Complications of steroid treatment may include nonspecific immunosupression leading to opportunistic infections, fluid retention, hyperglycemia, hypokalemia, behavioral disturbances, peptic ulcers, osteoporosis, hypertension and increased risk of cataract development. Supplementation of steroid therapy with H-2 blockers, Potassium and vitamin D with calcium is frequently useful to reduce side-effects. Avoidance of salt or sugar during steroid therapy is recommended.





 
  • Prevention of Relapses

Two recombinant interferon-ß's have been approved for treatments of patients with MS who have a relapsing-remitting course of the disease - Interferonß-1b and Interferonß-1a. A controlled double-blind study that lasted for over 2 years established that Interferonß-1b (Betaseron) is effective in relapsing-remitting patients. This medication is administered by subcutaneous injections QOD. It reduces the number of exacerbations by 30% per year per patient, and the severity of relapses that do occur is also reduced. An MRI study revealed fewer lesions in the treated group versus the placebo group. Patients with the stable or progressive course of the disease are not yet known to benefit from this treatment. This medication can exhibit significant side effects that may require discontinuation of treatment. All patients experience local injection site reaction. Some patients even developed tissue necrosis at injection site. Many patients complain of flu-like symptoms following the injection, including chills and fevers, myalgia and malaise. Blood levels need to be monitored while on this medication to assess liver function and WBC count. Liver function abnormalities and leukopenia were seen in some patients. Interferon-1a (Avonex) is now also available for clinical use. Preliminary results of clinical trials suggest that this medication is very similar to Betaseron in its positive effects on the relapsing-remitting population of patients. It appears to reduce the likelihood of progression of the early disease. Avonex is claimed to have fewer side effects than Betaseron (i.e.,. Significantly reduced risk of injection site reaction), but more thorough and broad clinical experience is needed to confirm this. Interferonß-1a (Avonex) is administered by the intramuscular injections once per week.

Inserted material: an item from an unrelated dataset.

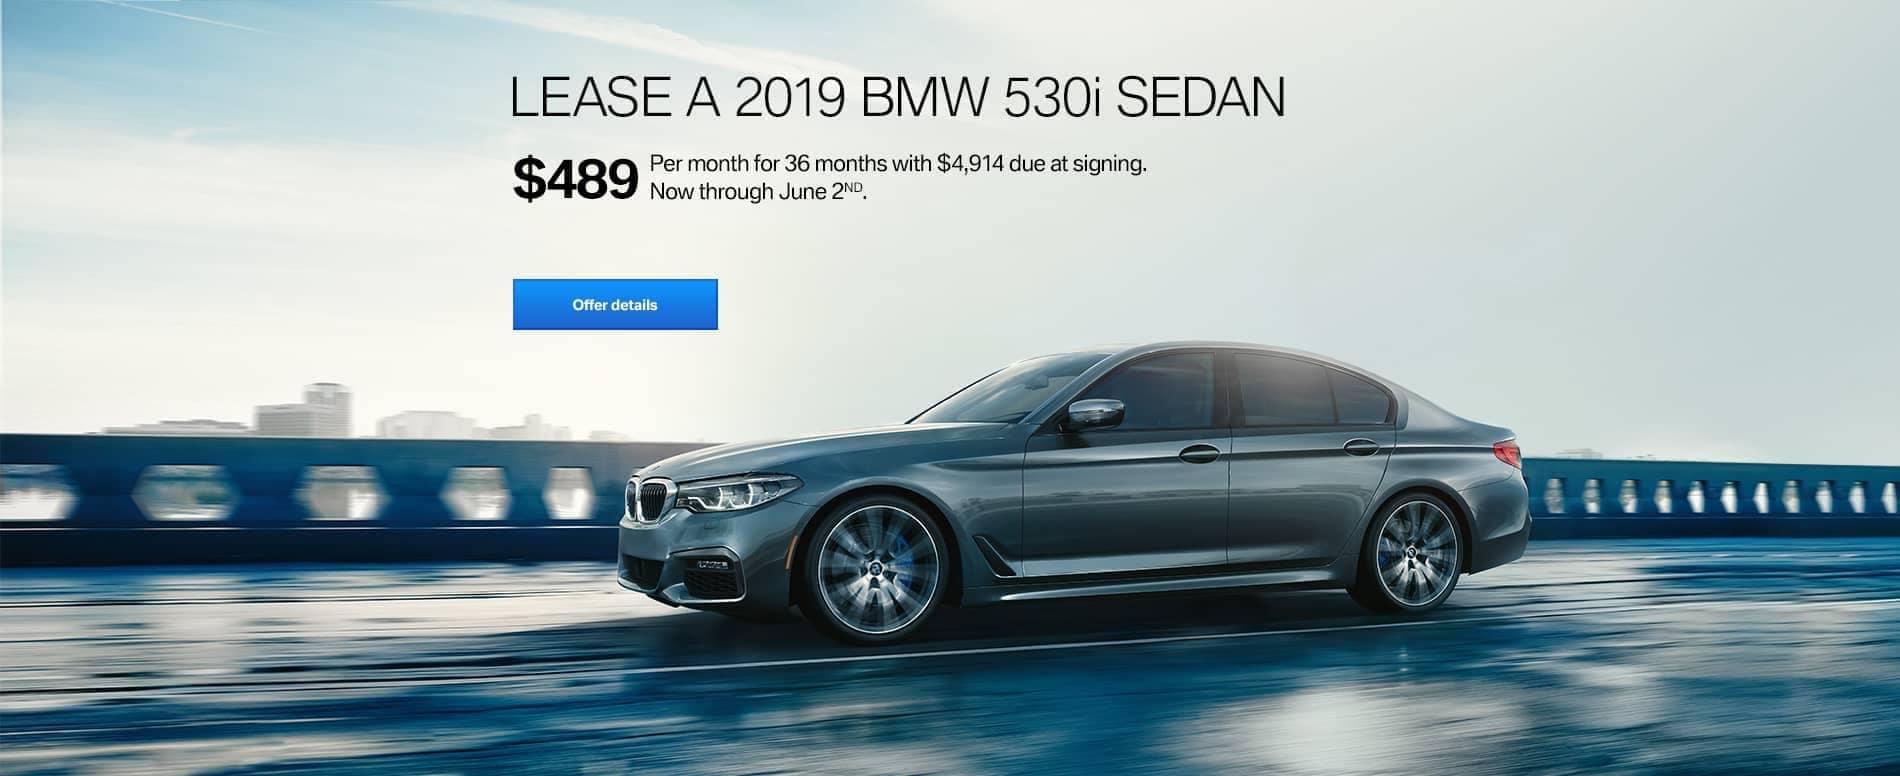 PUSH_2019_BMW_530i_Sedan_489-2

Interferons in general and ß-interferons in particular are glycoproteins with known antiviral activities. Beta-interferon regulates expression of MHC class II molecules and thus interferes with the interaction of the trimolecular complex (discussed earlier). The net result is prevention of T cells activation that accounts for a decrease in the relapse rate. Other immunomodulating medications await FDA approval for use in patients (see "Medications on the Horizon" chapter).